You can be asked about anything in a service assessment, because the questions will be specific to what the assessors observe in your service or team. By recording your decisions and the reasons behind them from the start, while it’s all fresh in your mind, you’ll be doing yourself and your team a huge favour. 

The assessment itself is not that scary (and practice helps)

A colleague described the service assessment as a ‘big show and tell’. It helped that I had already presented our work at several internal show and tells. 

Assessors spend time with you to look at your service. Your team presents the thinking, research and decisions behind what you’ve done and answers any questions the assessors have. 

We agreed that I would be doing the service demo and I was happy to do it. But I’d be lying if I said I didn’t feel the pressure. I didn’t want to let the team down. 

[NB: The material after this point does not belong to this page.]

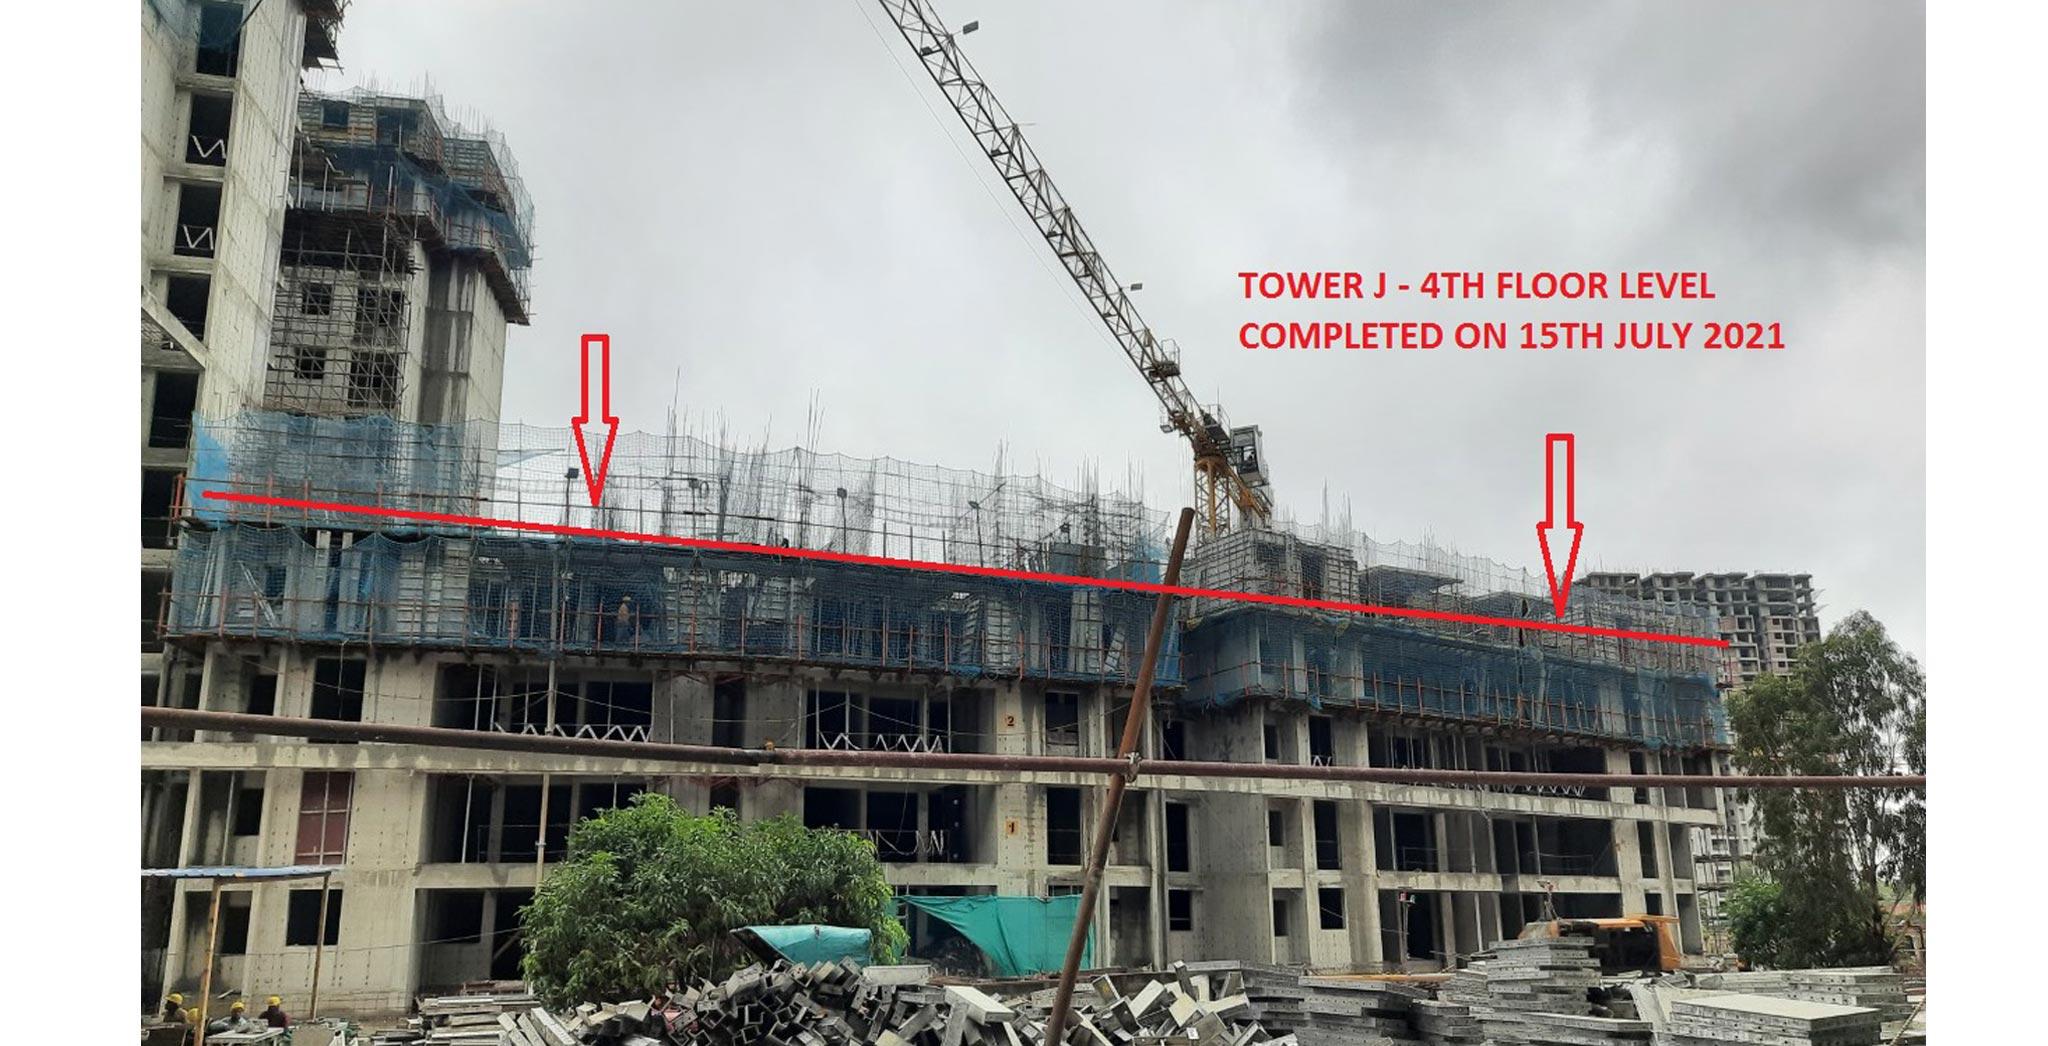 Jul 2021 - Halcyon: On Casting of 4th floor Slab- Tower J

So I forced myself to do dry runs of the demo. I sent optional meeting invitations to my team and others including content designers on related projects and design folks at dxw. I could practise saying what I needed to in front of a less scary audience, and use people’s feedback to refine what I presented. 

Grimacing through the dread, and getting my practice runs in, helped me feel more confident. I rambled less, included more user needs and told a more comprehensive story. 

Although that’s what worked for me, it’s not a one-size-fits-all-situation. As long as you’re collaborating and working through the presentation as a team to agree on timing and content, prepare however you need to. 

Some of my excellent colleagues have started thinking about how to support new dxw-ers going through service assessments. The plan is to have regular introductory training, a support Slack channel, and assessment guidance by discipline. I was able to lean on my colleagues for advice and feedback while preparing for my assessment, but this structured approach sounds like it could really help future newbies. 

It’s not about you

I guess you could say that as far as the assessors are concerned, you’ve made decisions as a team. There’s no contestant elimination. No investigation to find out who the weakest link is. Whether the outcome is ‘met’ or ‘not met’, it’s an outcome for the service and the whole team. 

Let’s say you end up getting feedback about something you were mainly responsible for. After getting over the slight sting of having missed something, however small it was, I was grateful that someone caught it for us. Especially as it will make it easier for people to use the service.

The assessors understand the complexities involved in building services and their job is to make sure they meet the standard. That’s all the assessment is about. 

A reassessment is not the end of the world

Let’s talk about what happens when the less favourable outcome happens. What then?

The Service Standard says that ‘not met’ does not mean failure but people still say “failed” because I guess that’s how it can feel. 

I’ll admit that I may have let out a groan at the thought of preparing for another assessment. Especially when other dxw colleagues were celebrating their well deserved ‘met’ outcome around the same time. My team will need to implement the assessors’ recommendations, such as documenting more changes in design histories to show that we’re iterating frequently. I’ll also need to mentally prepare again. 

But I think we’d be sabotaging ourselves if all we take away from the experience is that we “failed”. To me, the service assessment was a helpful checkpoint. It forced us to step back from the day-to-day tickets and gave us some reminders we arguably needed. 

Since the assessment, we’ve used the report to refine some of our processes and reshuffle our priorities. Our service will be better now. I’ll remind myself of all the positive things the assessors were impressed by and take comfort in the fact that I’m much more ready for the next one.